2) Perception of facial expressions of emotions. Facial expressions reflecting happiness, anger, sadness, fear, surprise, contempt, and disgust are commonly observed in everyday life and are considered primary emotional expressions. Accurately perceiving facial expressions, especially subtle expressions of emotions, can be beneficial to individuals because it allows them to correctly interpret another person’s state of mind and respond accordingly. My research investigates individual, contextual, and cultural differences in the perception of expressions. I have collaborated with Dr. Maria Parmley and Dr. Sarah Cavanagh at Assumption and two Chinese colleagues, Dr. Ping Yao from Beijing University and Dr. XiaoAng Wan from Tsinghua University, on this research.

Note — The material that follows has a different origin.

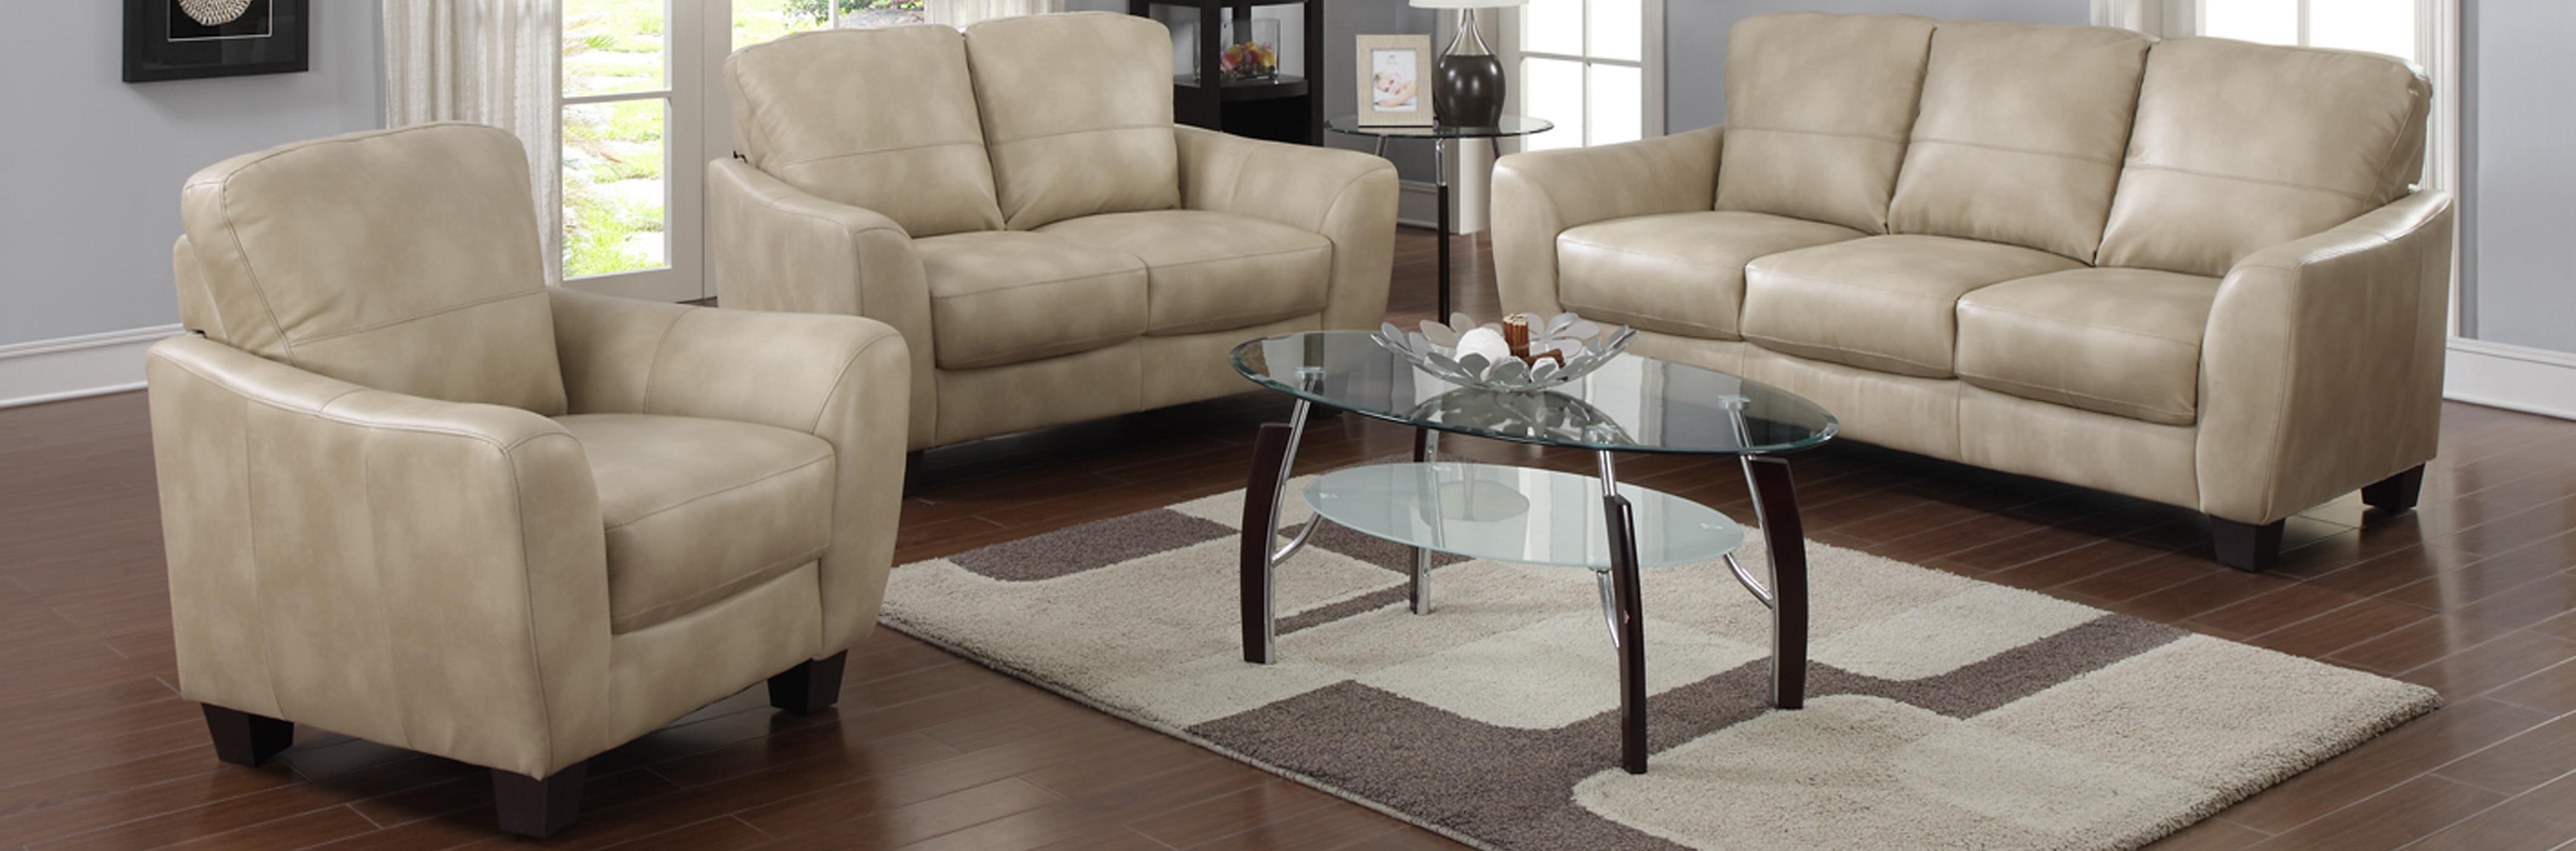 Amazon Com Milan Franklin Taupe Club Bonded Leather Sofa
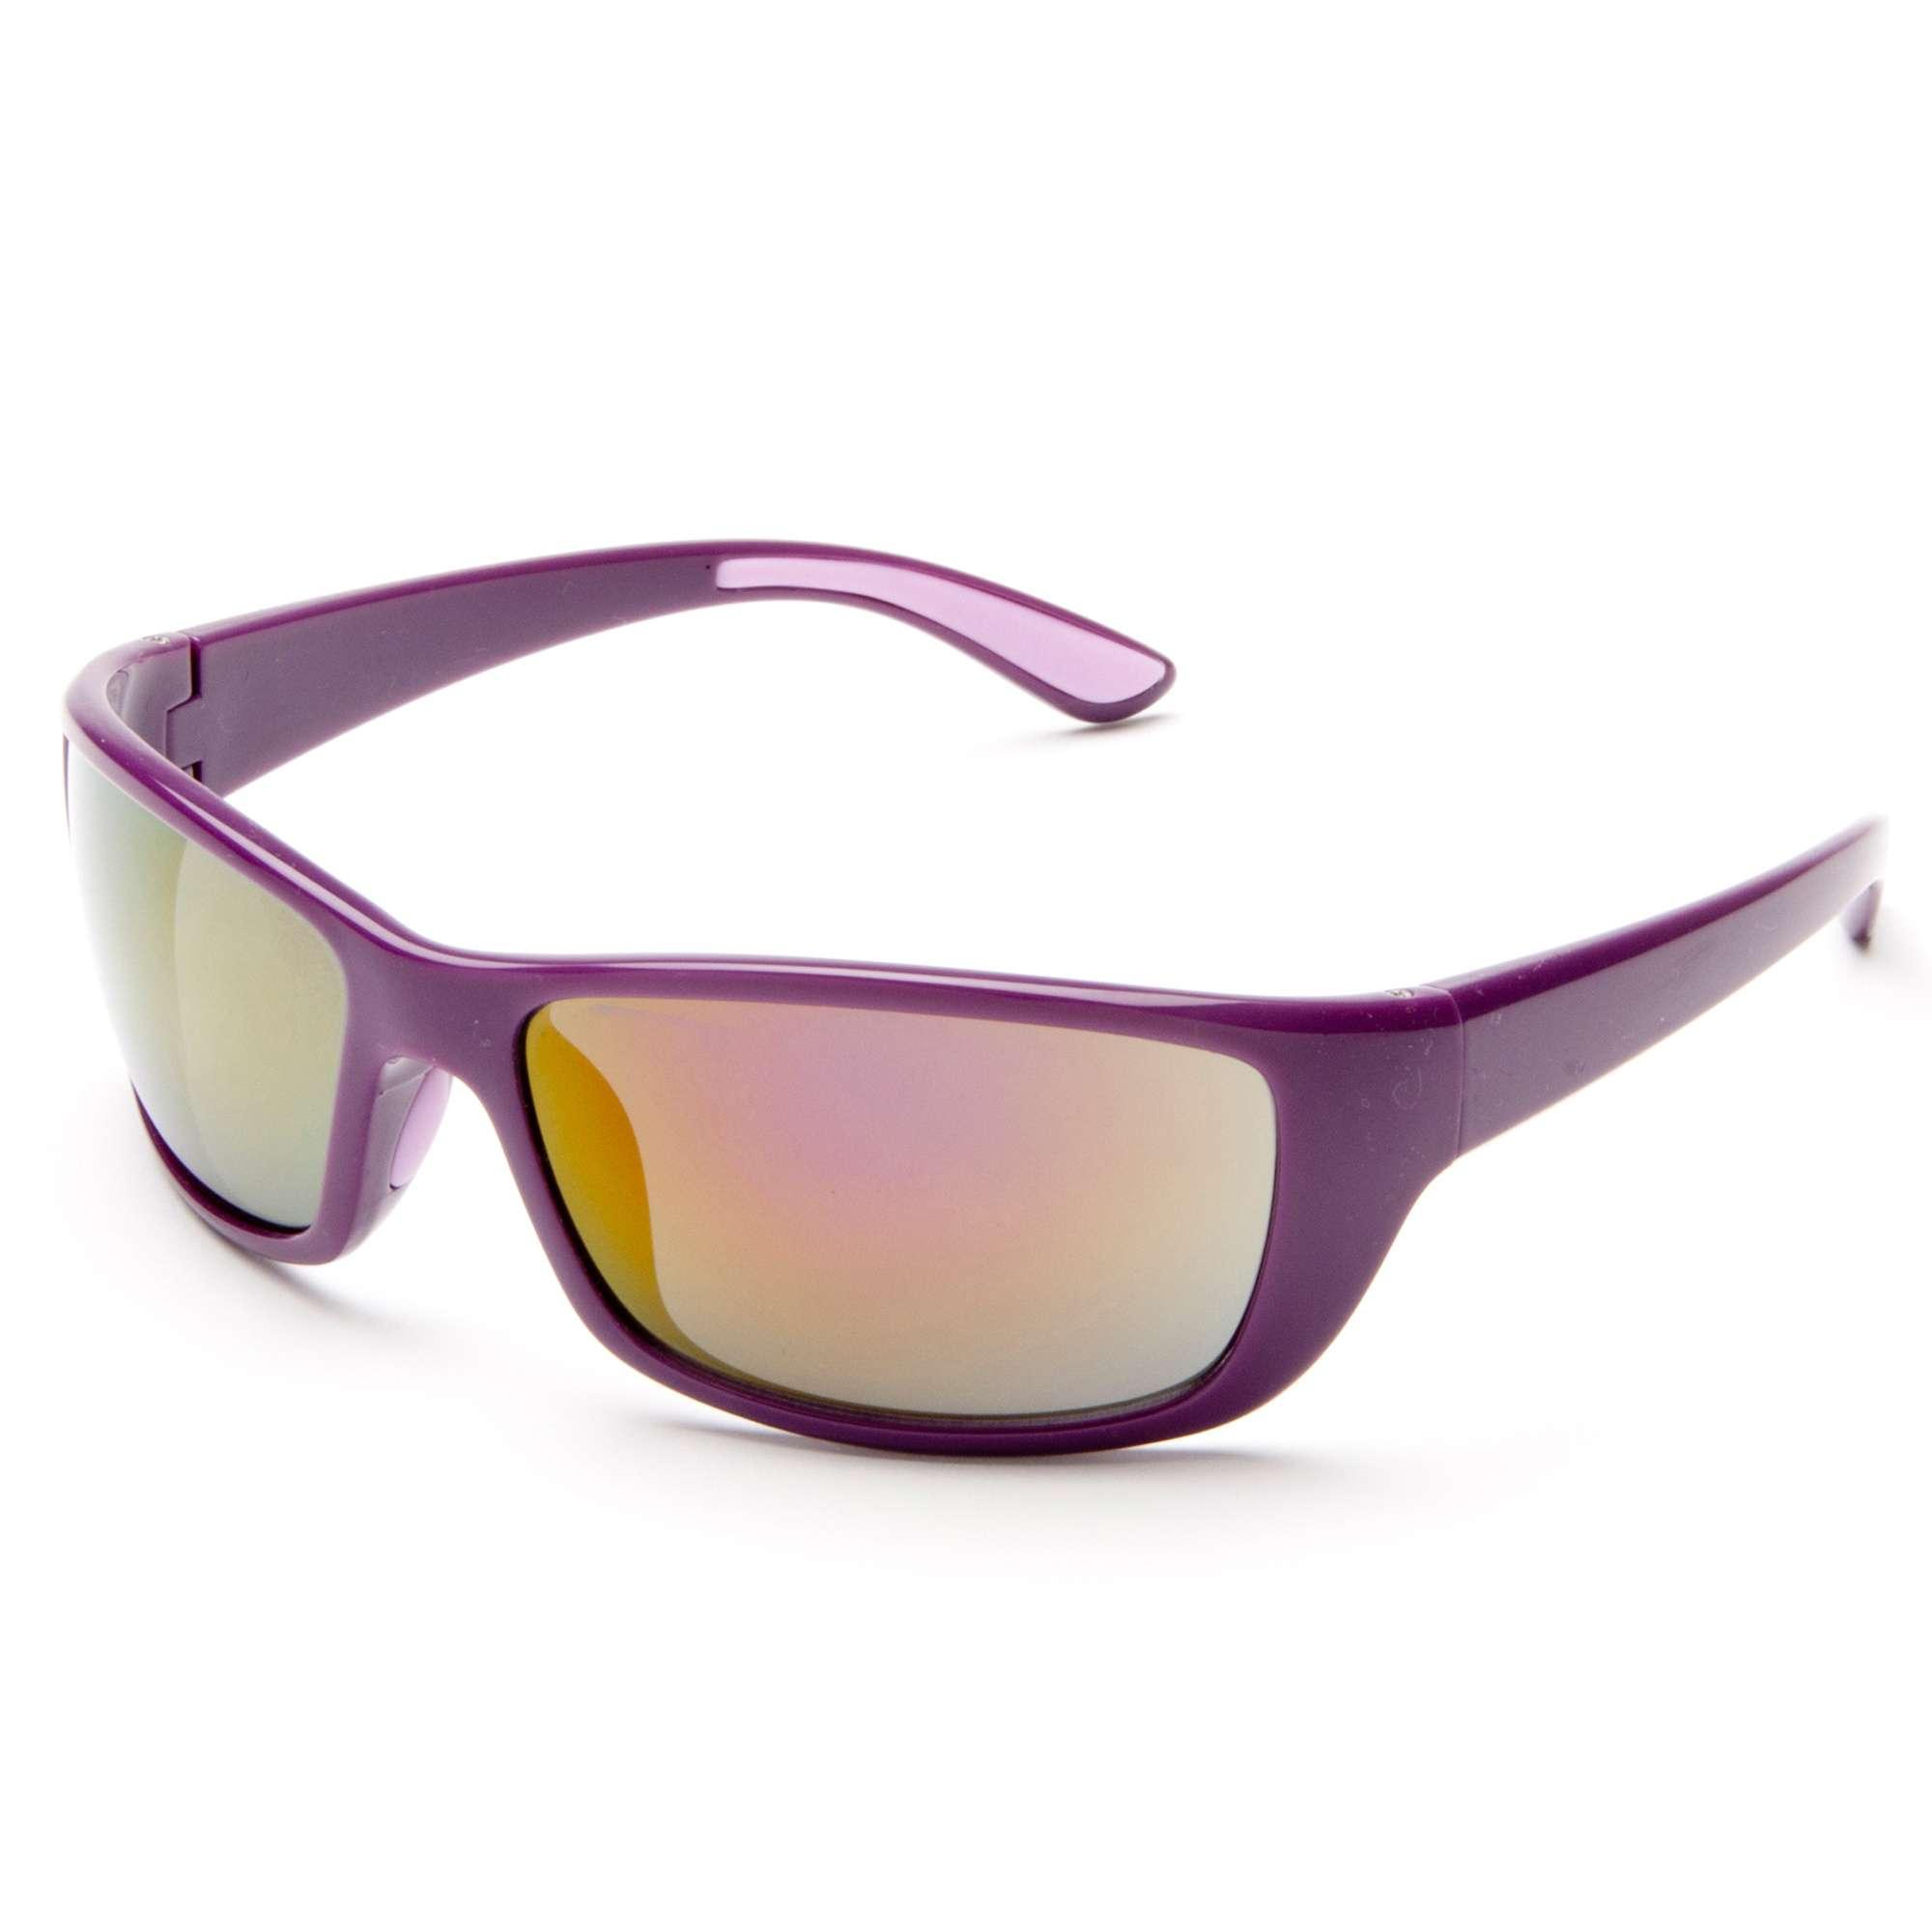 PETER STORM Women's Full Frame Square Lifestyle Sunglasses

3) Serenity and Buddhist psychology. The interplay between culture, religion (specifically, Buddhism), and emotion interests me a great deal. Cultures differ in what they consider to be ideal emotions. Western cultures endorse high-arousal positive emotions, such as happiness, excitement, joy, and ecstasy, whereas Eastern cultures value low-arousal positive emotions, such as serenity, calmness, peace, and tranquility, best exemplified by the serene smile of the Buddha. Serenity has been described as a transcendent emotional experience that expands consciousness and brings peace, acceptance, and gladness to the individual. My colleague Maria Parmley and I are interested in exploring this transcendent nature of serenity and its relationship to physiological and neurological changes in the body as well as changes in cognition and emotion. We also are collaborating with Dr. Keith Lahikainenm at Assumption and Dr. Soysa Champika from Worcester State University on a project examining links between mindfulness and serenity.